_TASK DIRECTIONS_
Reproduce the records below exactly as they appear, omitting any pictures they contain.

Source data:
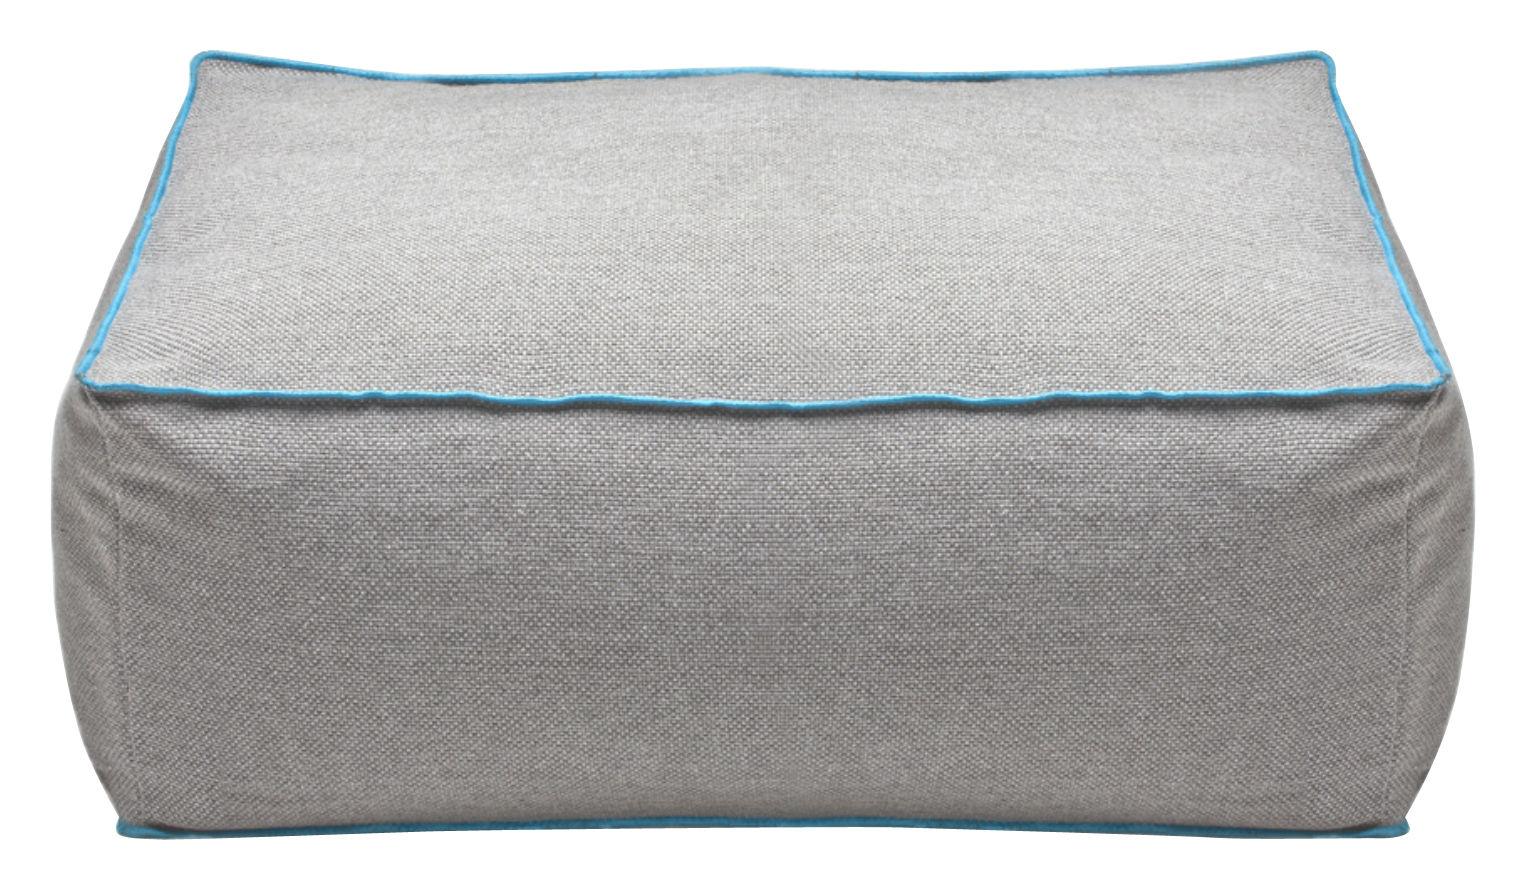 Mobilier - Poufs - Pouf Frollino tissu - Pour l'intérieur - Skitsch - Gris & liseré bleu - Fibre de polyester, Tissu
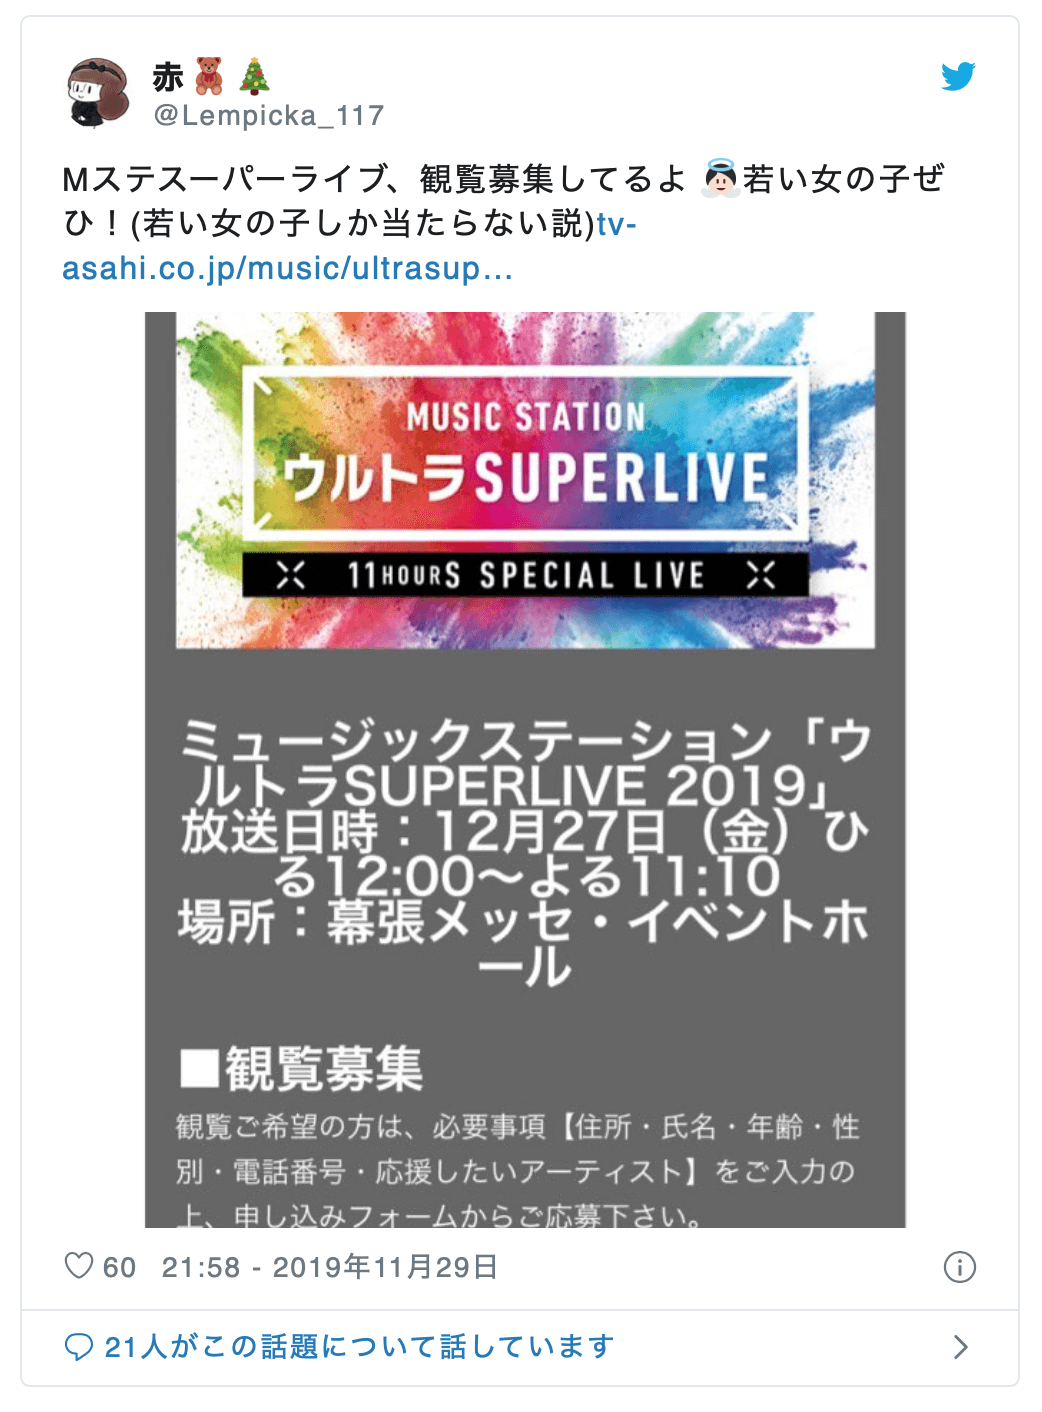 【Mステスーパーライブ2019】出演者や歌唱曲は?タイムテーブル・セトリ(曲目)
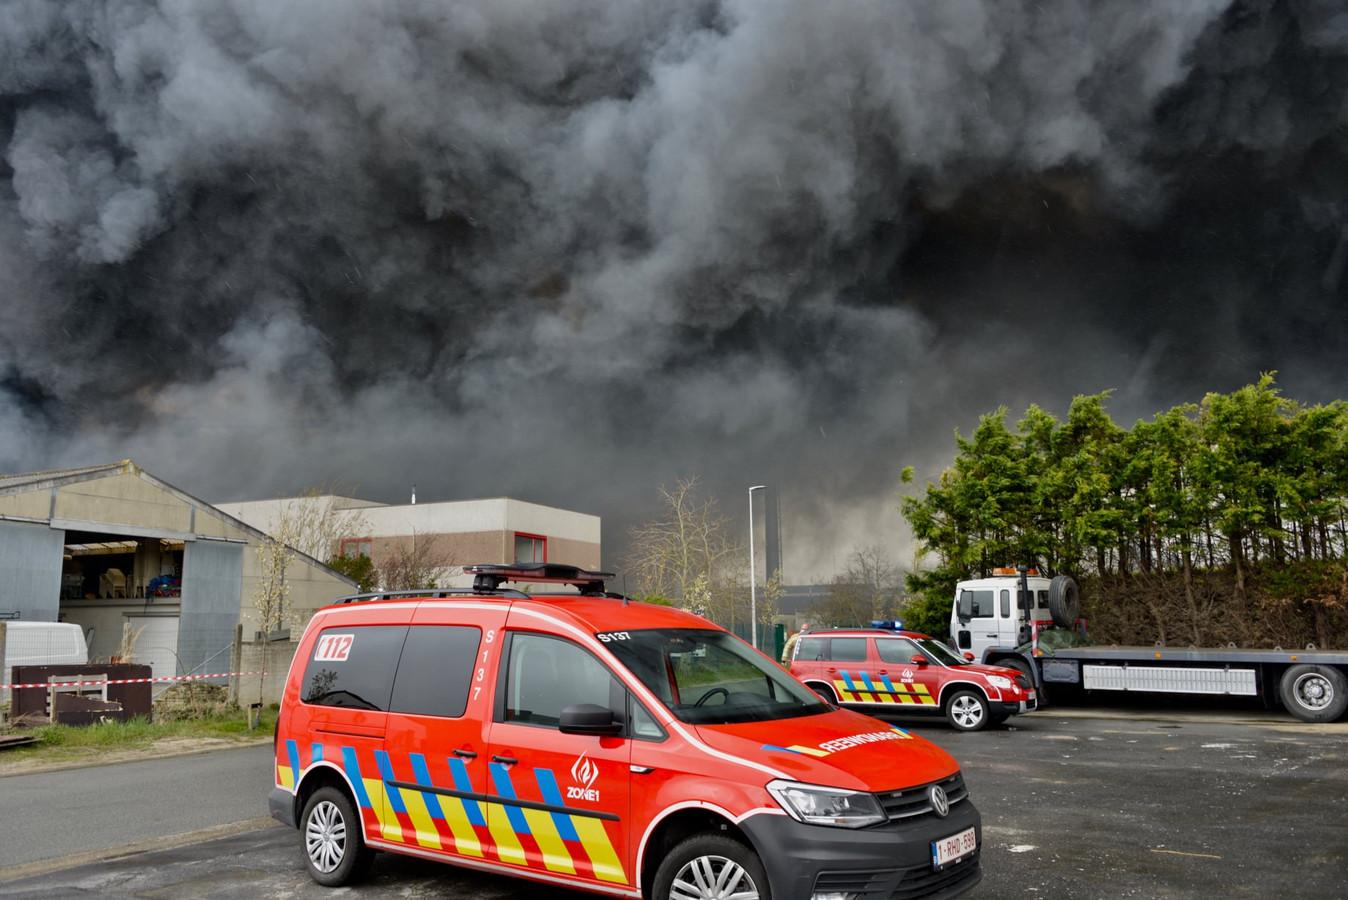 De brand ging gepaard met een dikke rookpluim
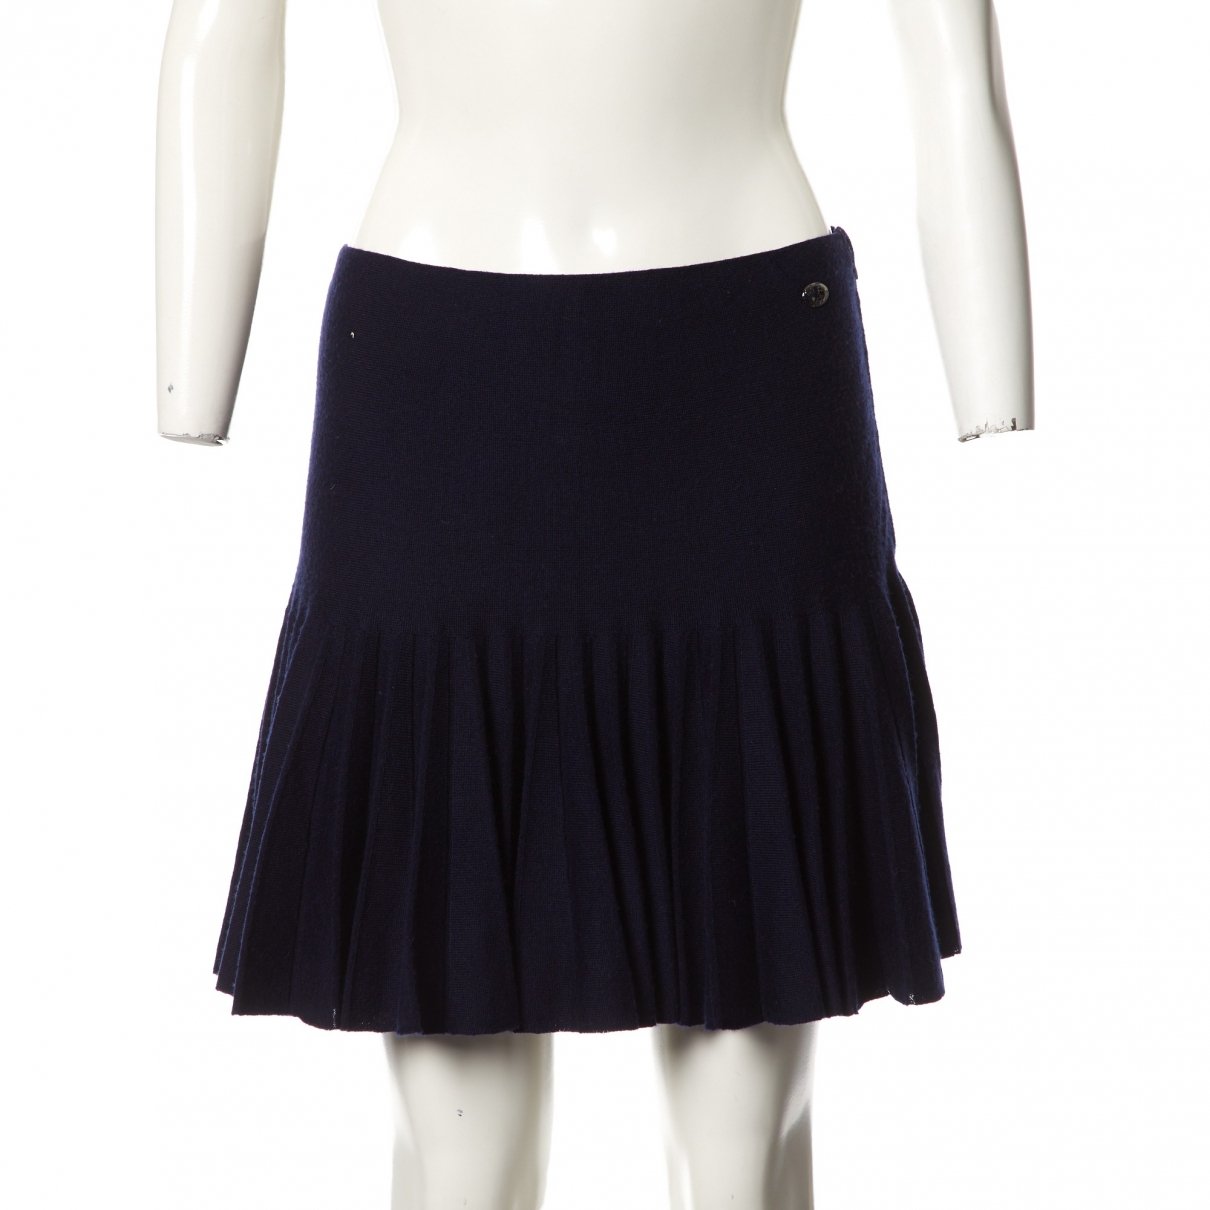 Chanel \N Navy Wool skirt for Women 38 FR
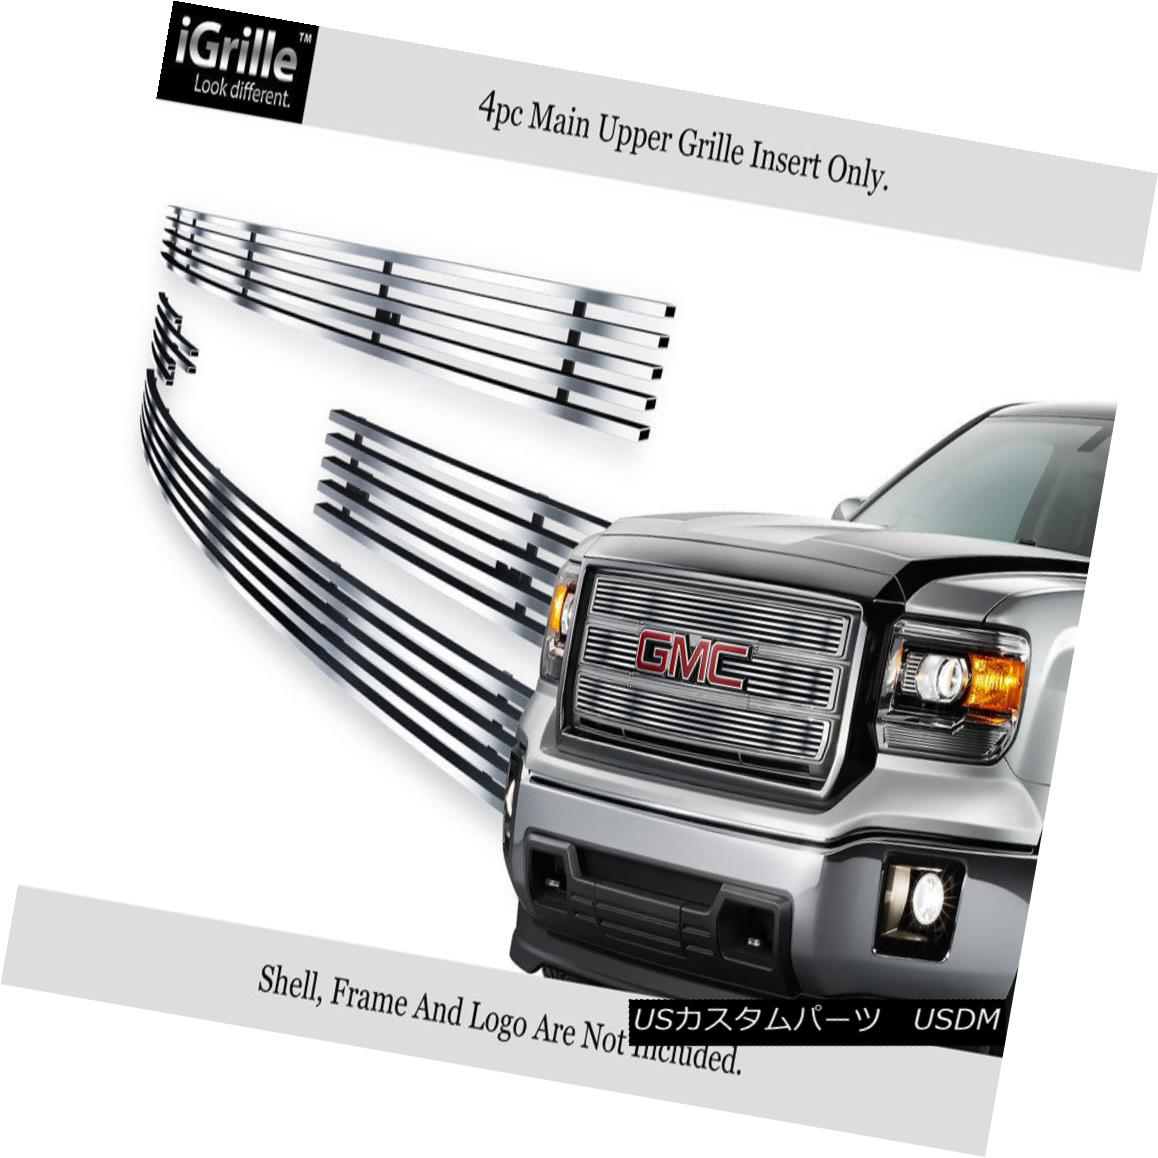 グリル For 2014-2015 GMC Sierra 1500 Reg Model Stainless Steel Billet Grille Insert 2014-2015 GMC Sierra 1500 Regモデルステンレス鋼ビレットグリルインサート

_THE COMPLETED TASK_
 Mobilier - Poufs - Pouf Frollino tissu - Pour l'intérieur - Skitsch - Gris & liseré bleu - Fibre de polyester, Tissu
 【Mステスーパーライブ2019】出演者や歌唱曲は?タイムテーブル・セトリ(曲目)
 De brand ging gepaard met een dikke rookpluim
 Chanel \N Navy Wool skirt for Women 38 FR
 グリル For 2014-2015 GMC Sierra 1500 Reg Model Stainless Steel Billet Grille Insert 2014-2015 GMC Sierra 1500 Regモデルステンレス鋼ビレットグリルインサート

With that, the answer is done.